Al ver que, además de haberse ido de la casa la noche anterior, ahora se atrevía a mirarlo con desprecio, Nicolás endureció su voz y le reclamó:

—Dijiste que venías a trabajar para cambiar de ambiente, pero resulta que te paseas de forma inapropiada con los hombres de la empresa. ¿Qué pretendes? ¡Elisa, no olvides de quién eres esposa!

En los enredos entre hombres y mujeres, la que siempre salía perdiendo era la mujer.

Ella era de su propiedad, y jamás permitiría que ningún otro hombre le pusiera una mano encima a su mujer.

Elisa le respondió con sarcasmo:

—¿Qué quiere decir con eso, Señor Nicolás? Vengo a trabajar y hablo de negocios con un compañero, ¿acaso no es lo más normal del mundo? ¿Cómo es que, a sus ojos, eso se convierte en algo inapropiado? Más bien me gustaría preguntarle a usted, Señor Nicolás, compartir su propia comida con Noa, ¿qué clase de comportamiento es ese?

Nicolás no esperaba que Elisa, lejos de reconocer su supuesto error, tuviera la osadía de cuestionarlo a él.

Ella siempre había sido muy dócil y obediente, ¿qué le pasaba hoy?

¿Acaso seguía molesta por lo que había pasado la noche anterior?

Pero los problemas de pareja no deberían durar más de una noche.
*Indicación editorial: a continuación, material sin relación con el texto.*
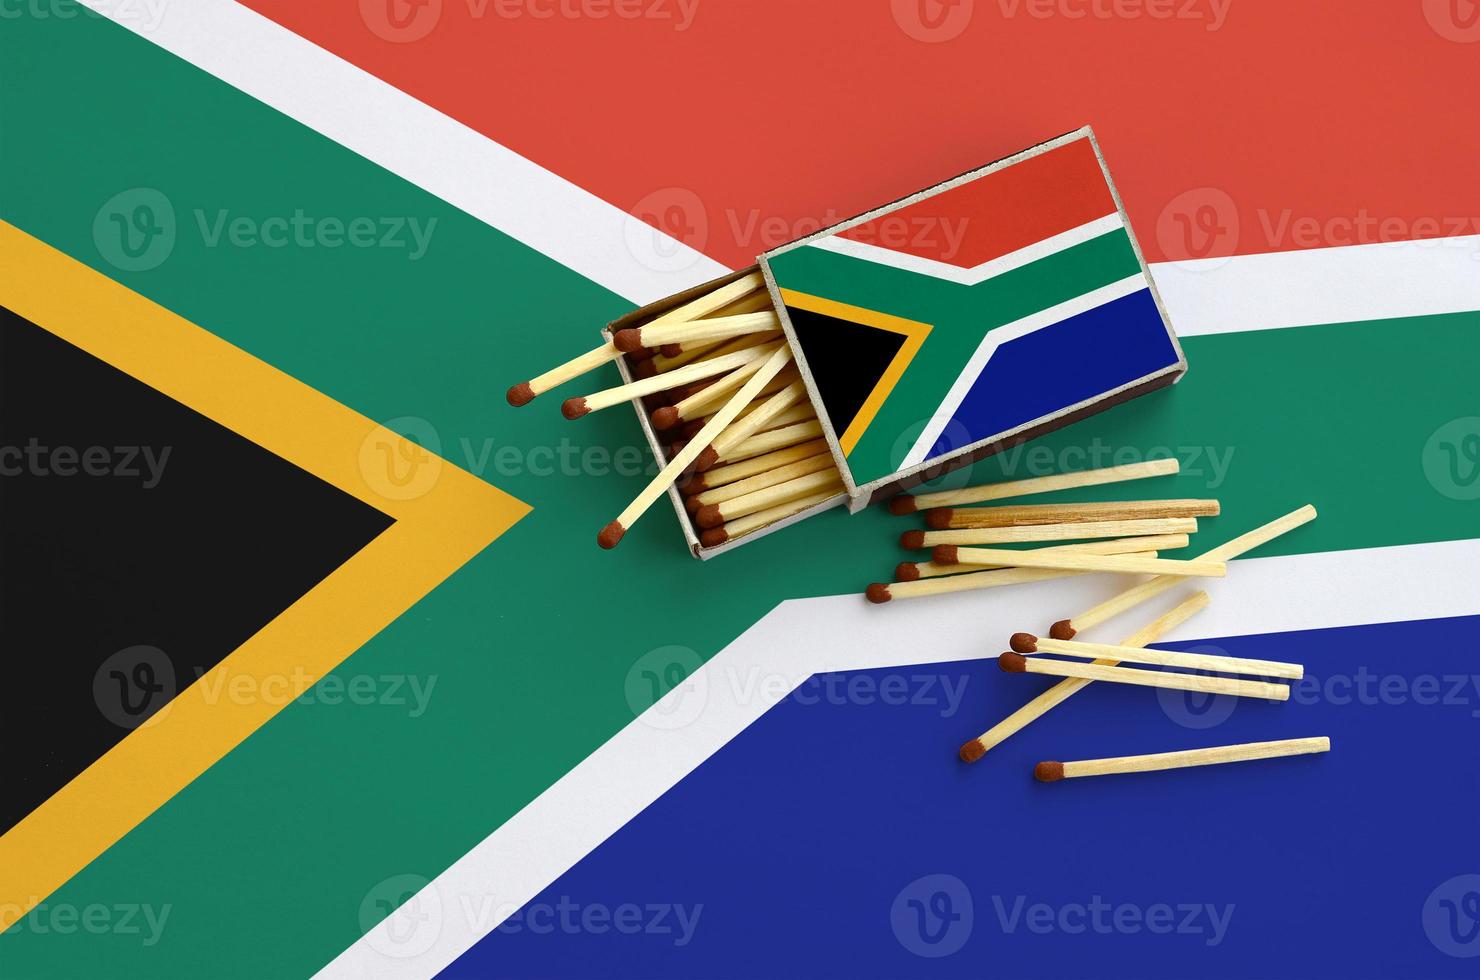 a bandeira da áfrica do sul é mostrada em uma caixa de fósforos aberta, da qual caem vários fósforos e fica em uma grande bandeira foto
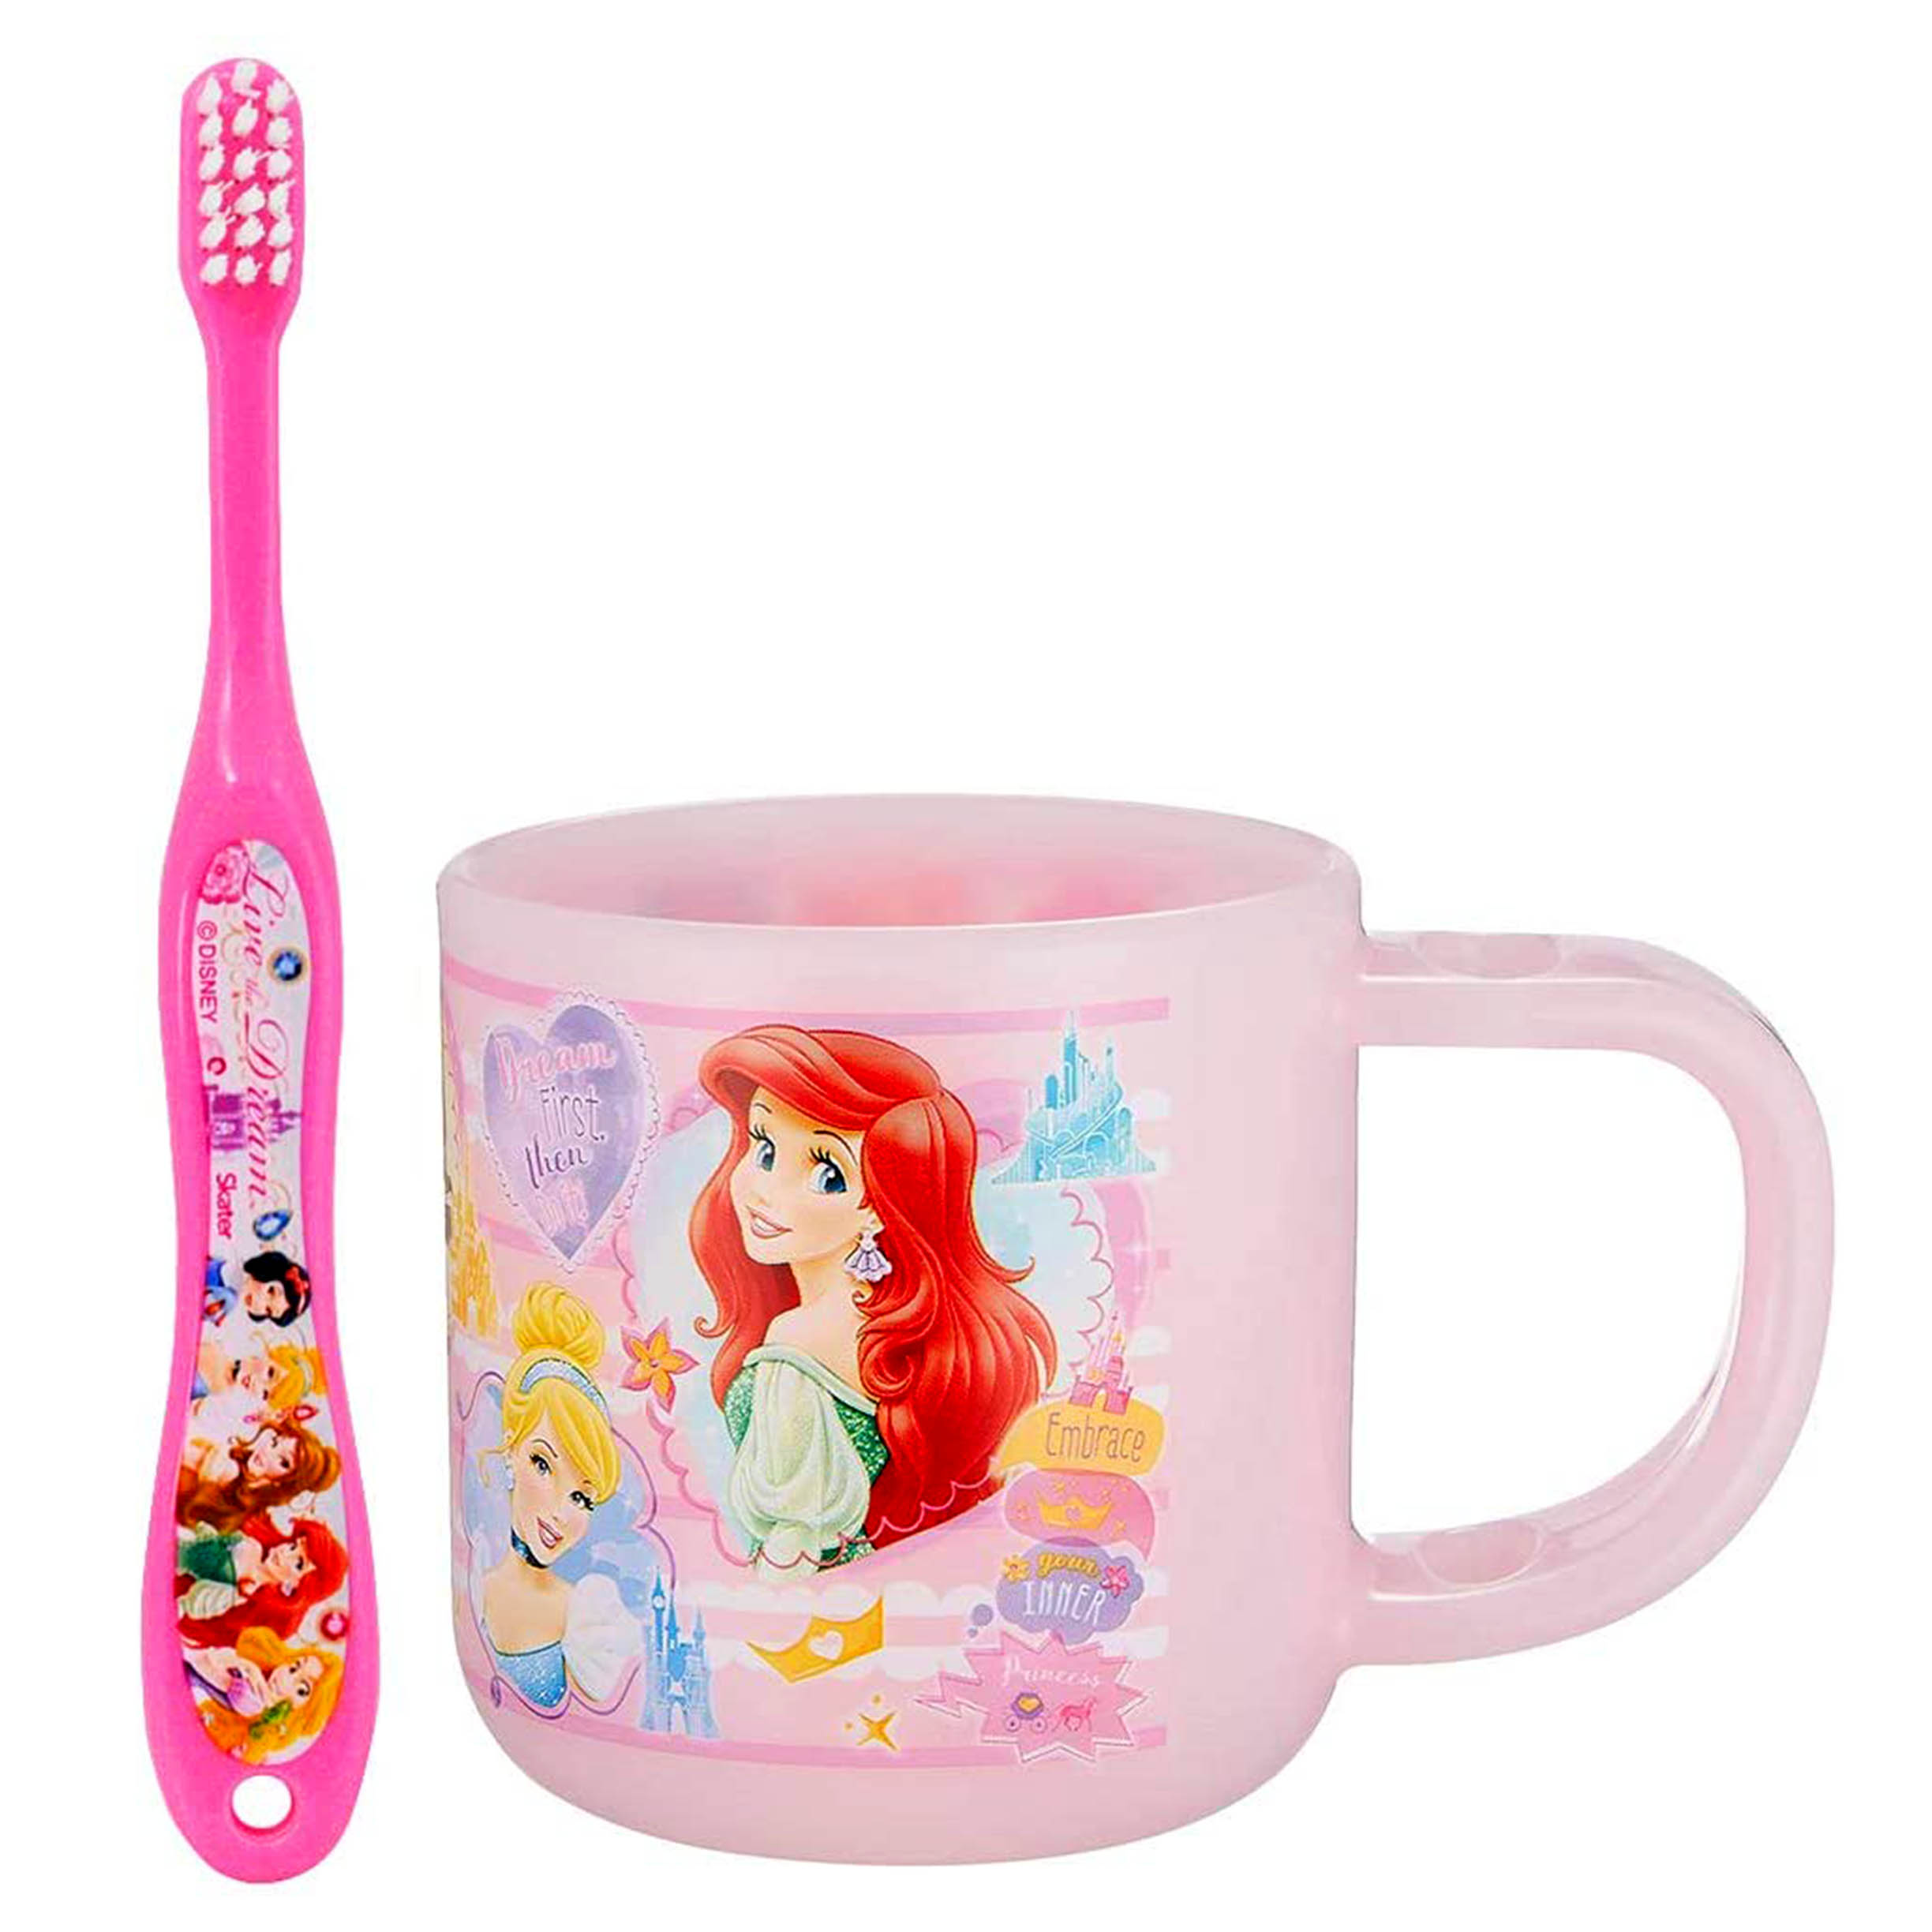 塑膠牙刷杯組 180ml-3~5歲 SKATER 乳齒期 小美人魚 迪士尼 DISNEY 日本進口正版授權

Le pareció que ella estaba siendo demasiado rencorosa.

Noa dejó sus cubiertos sobre la mesa y se apresuró a justificarse:

—Todo es culpa mía por ser tan antojada. Elisa, no lo malinterpretes, solo veo a Nicolás como a mi propia familia y por eso no me cuidé de guardar las apariencias aquí en la oficina.

Elisa clavó su mirada en ella y respondió de inmediato:

—¿Acaso solo no guardan las apariencias en la oficina?